When the French presidential elections begin on April 23, the world will be watching closely.

Polls are tightening up, but Marine Le Pen, of the far-right National Front (FN) Party, seems likely to get through to the second, runoff ballot on May 10. Will the xenophobic populism that brought Brexit to the U.K. and Donald Trump to the White House claim the Elysée Palace, too?

Le Pen’s expected advance has been one of the few constants in a campaign marked by surprising, dispiriting twists. To a historian of French colonialism like me, one of the most revealing is the renewed debate over the memory and teaching of the colonial past. The candidates’ positions on this issue can be seen as a revealing barometer of French attitudes toward immigration, race and multiculturalism today.
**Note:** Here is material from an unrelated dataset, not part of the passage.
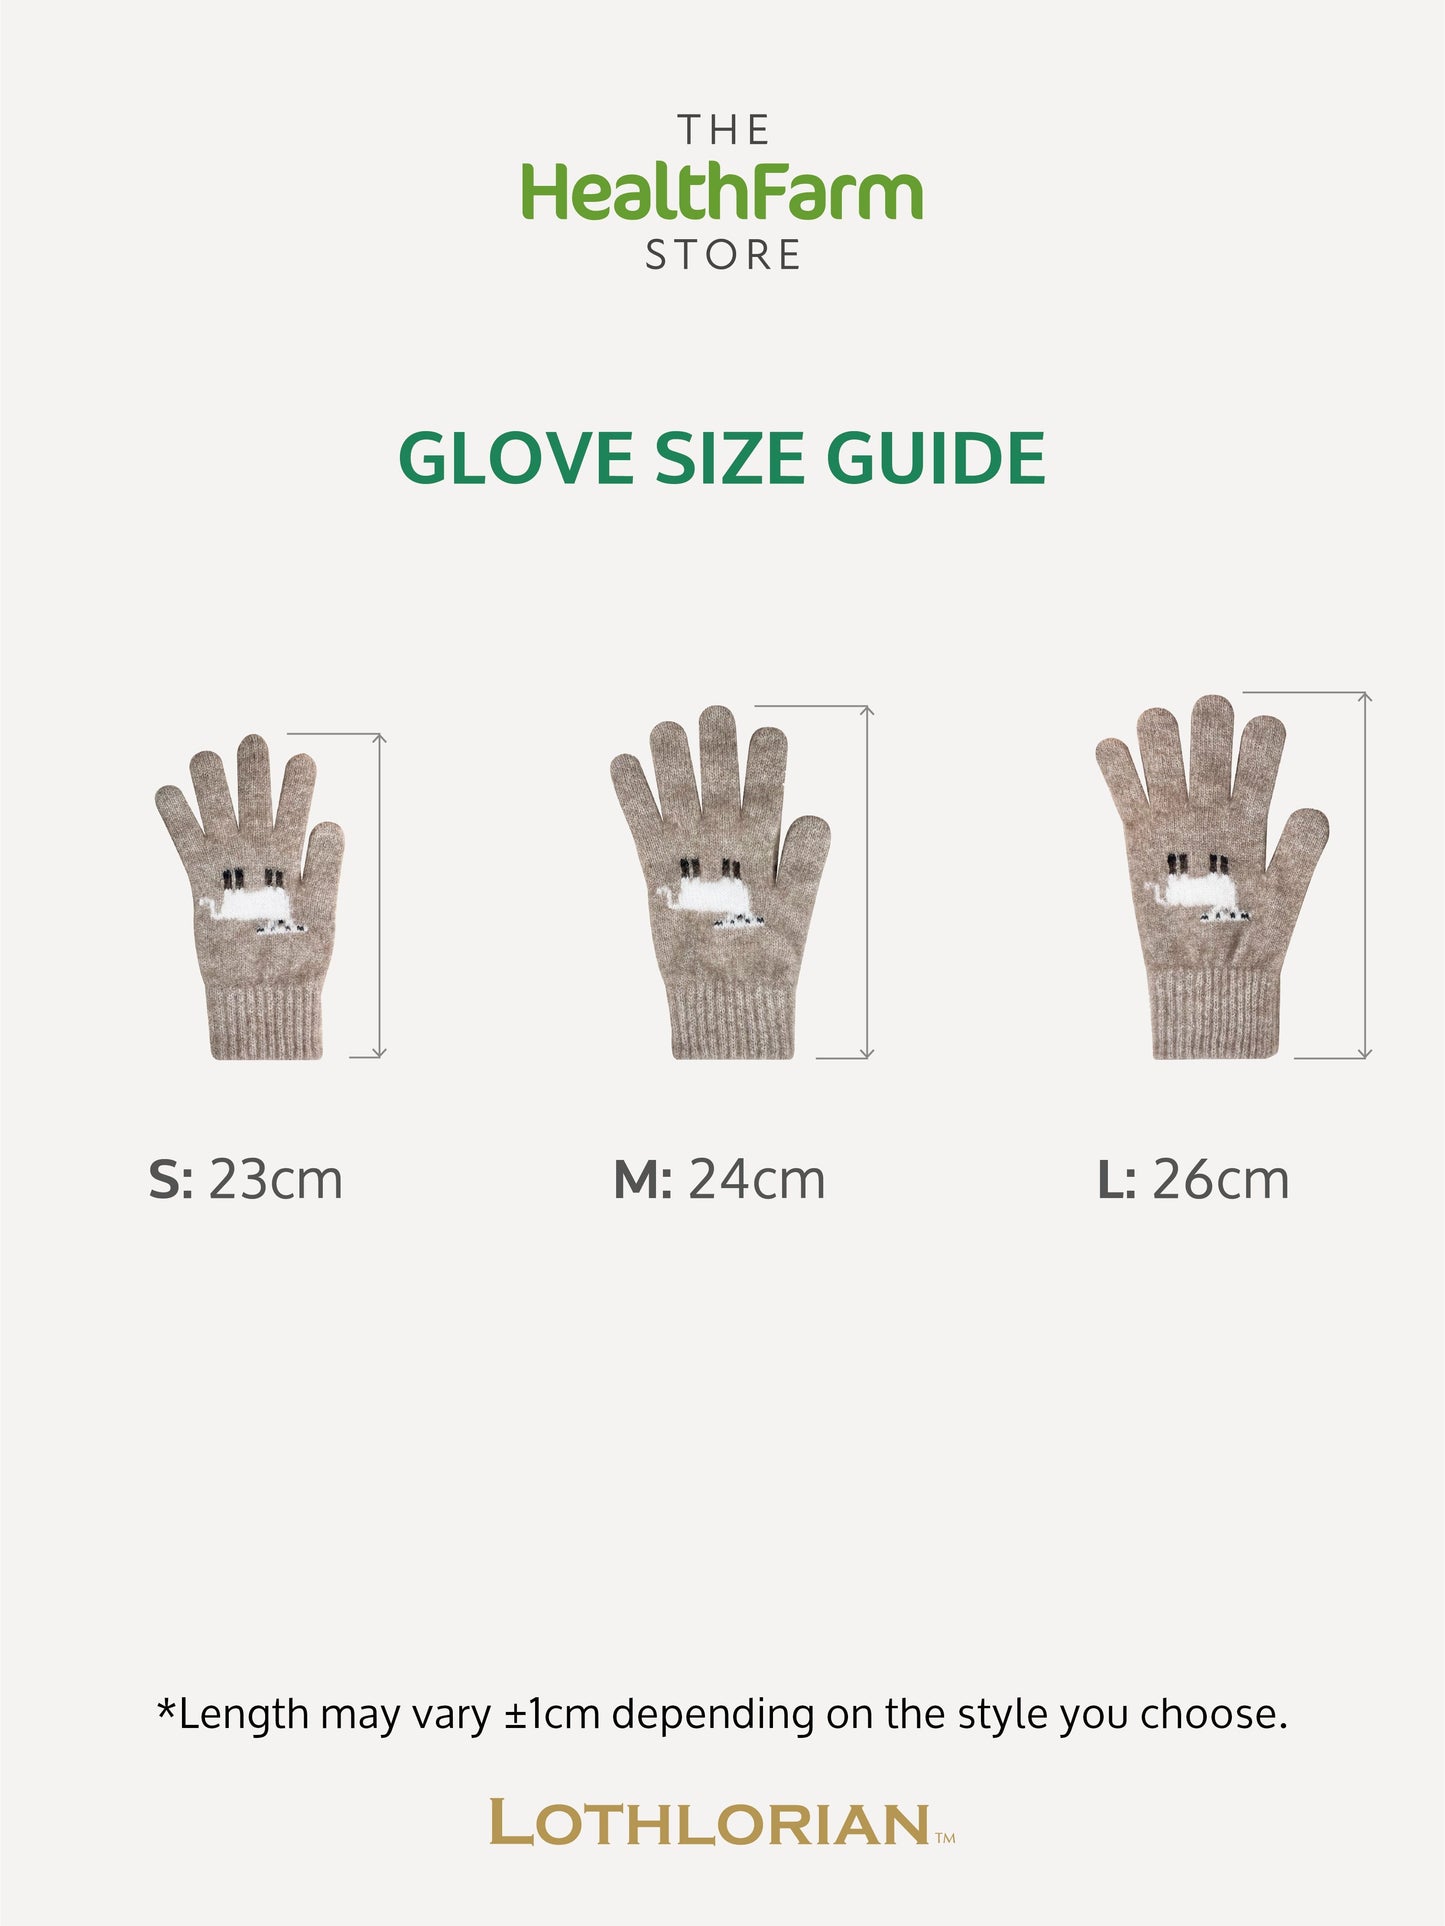 Merino & Possum Accent Stripe Glove [9894]
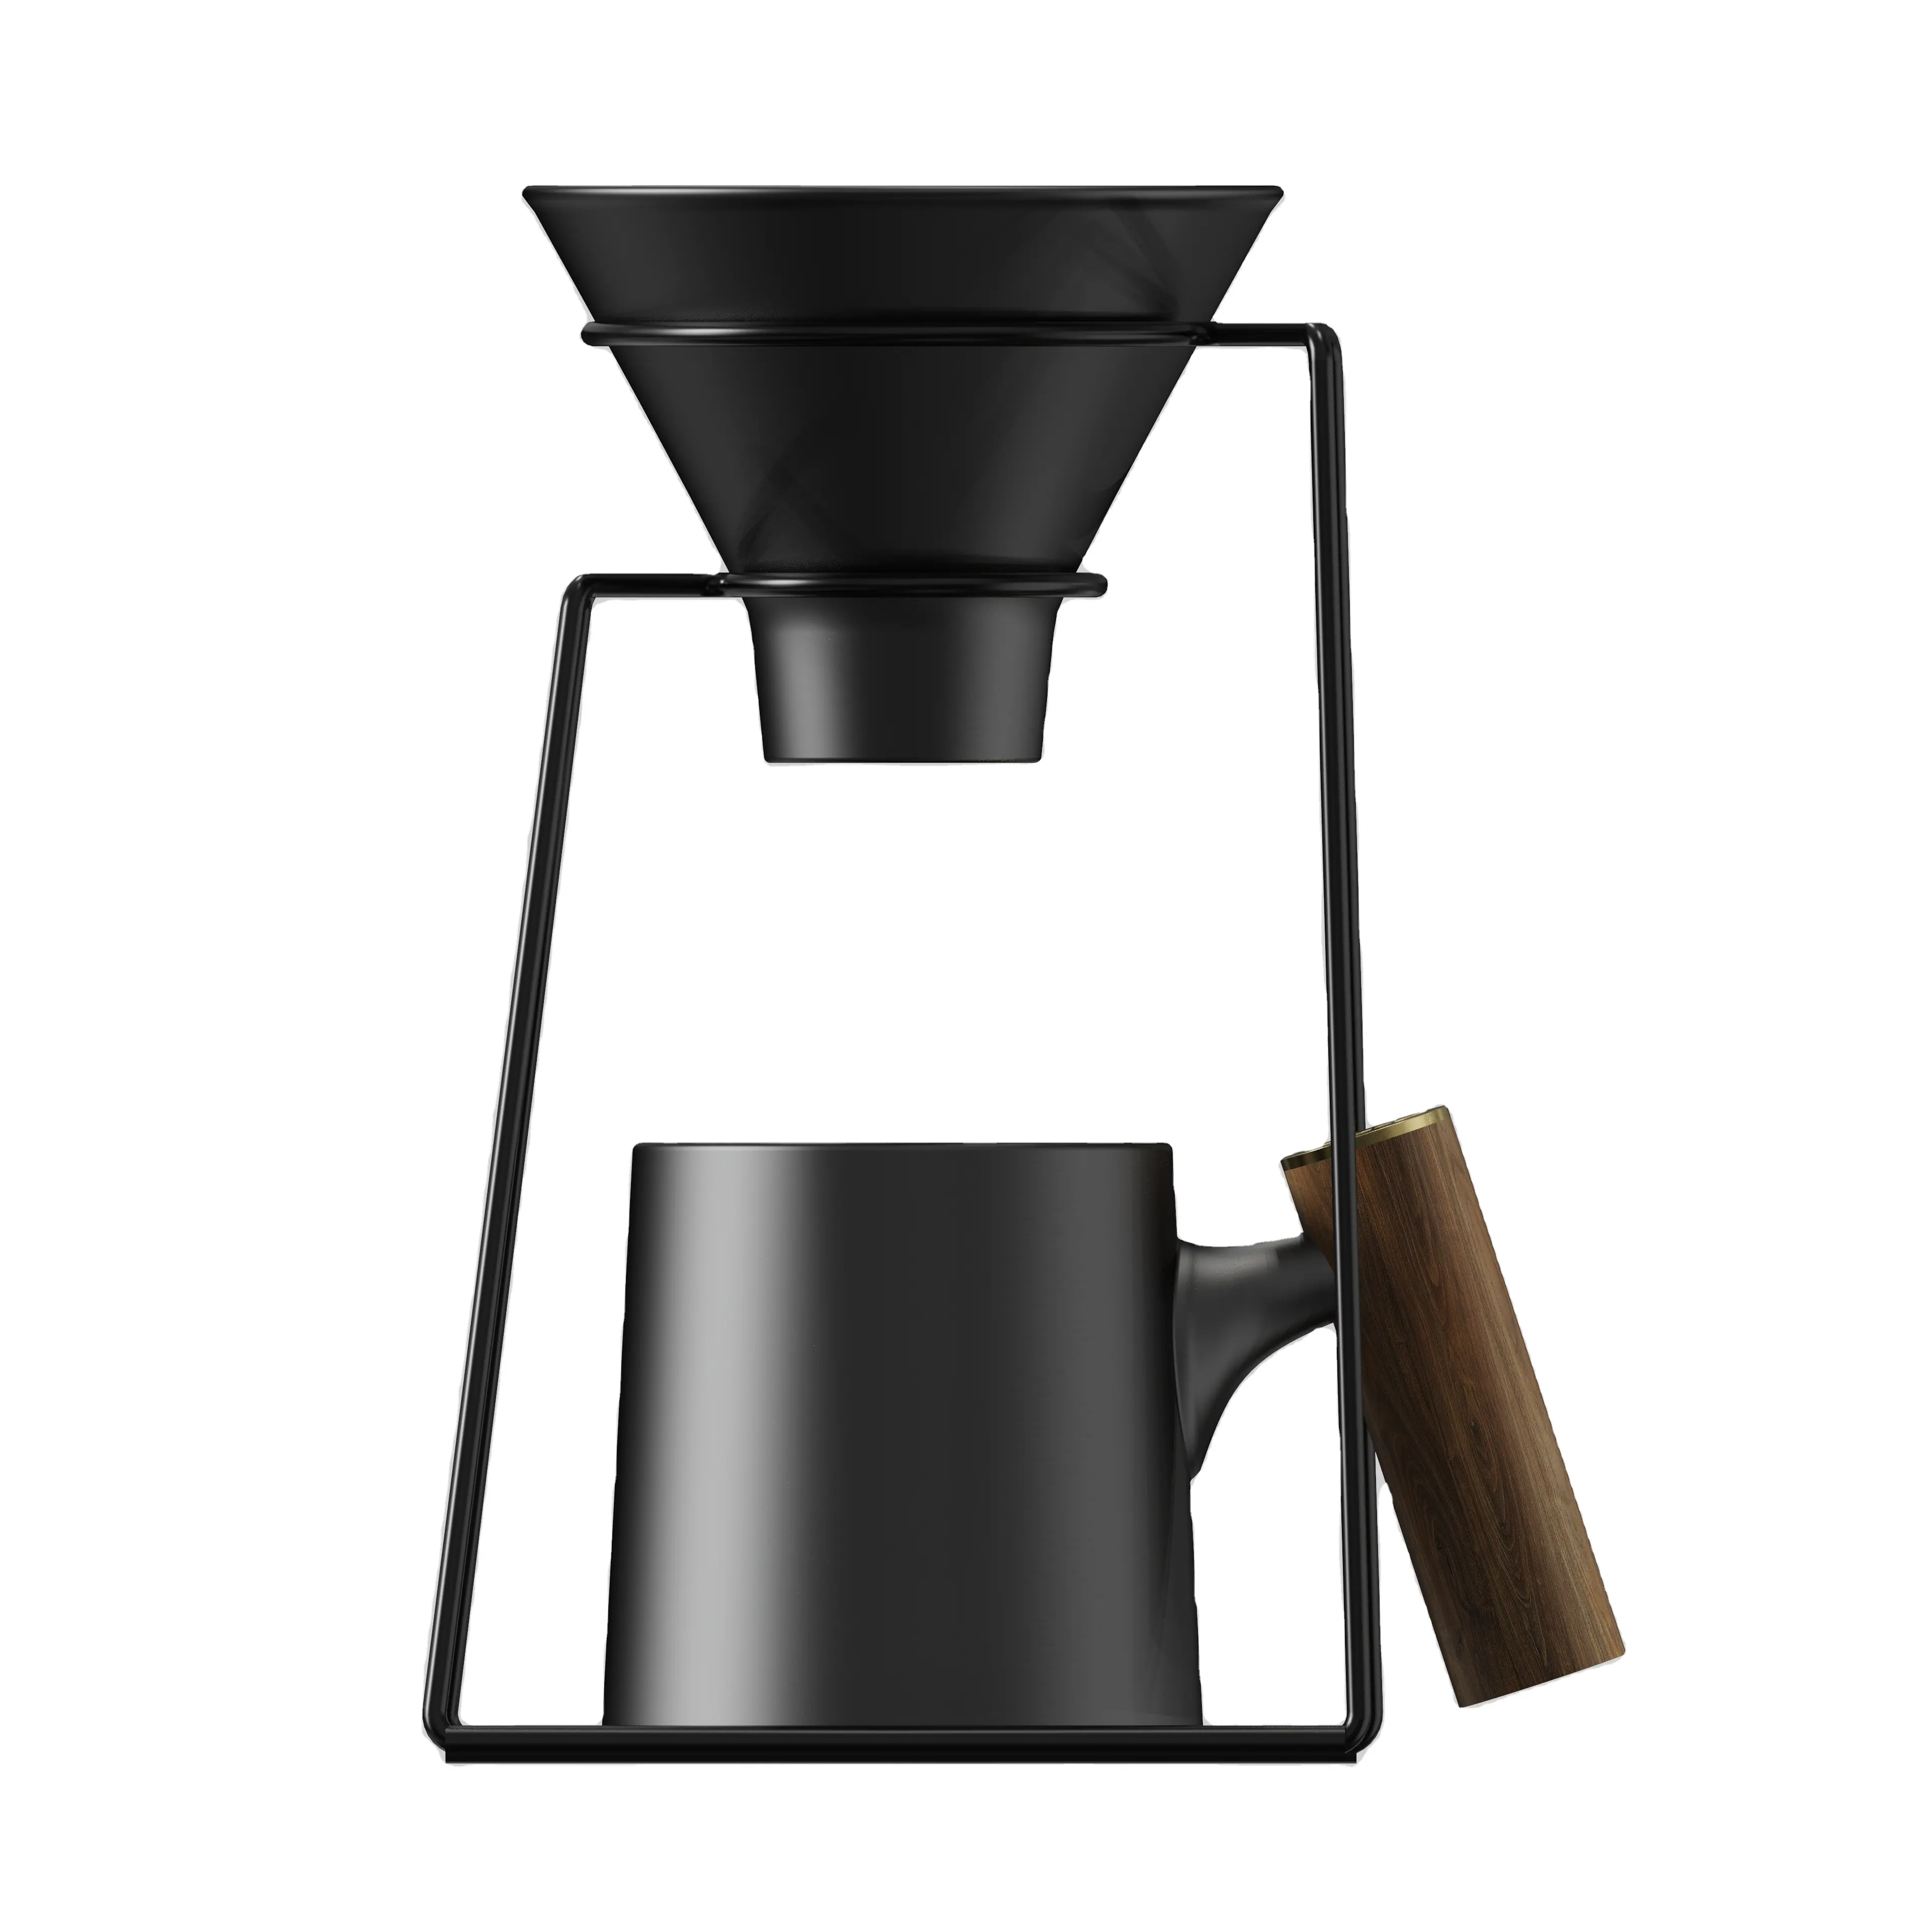 DHPO Set pembuat kopi, unik Mug kopi dan Dripper kopi bingkai besi lipat profesional aliran di atas kopi

At its height in the 1930s, the French empire encompassed some 60 million colonial subjects, from the Caribbean to Southeast Asia. But after decolonization in the 1950s and 1960s, the French relegated imperial racism, slavery and colonialism to the “historical back burner.” The eruption of the history wars finally broke this public silence in the mid-1990s.

There were two main triggers for the decade-long fight about how to remember France’s colonial history.

The first was the 150th anniversary of the French abolition of colonial slavery in 1998. Angered by the self-congratulatory celebration of French abolitionists, black and Afro-Caribbean activists demanded greater attention to enslaved Africans’ suffering.

Their efforts culminated in a 2001 law sponsored by Guyanese deputy Christiane Taubira. The “Taubira Law” “recognizes the slave trade and slavery as crimes against humanity.”

The second came in 2000, with revelations about the French army’s systematic use of torture during the Algerian War of Independence (1954-1962). Memoirs published by an Algerian nationalist and a French military officer and studies by two young French historians unleashed harsh condemnation of abuses committed in Algeria, the jewel of the French empire.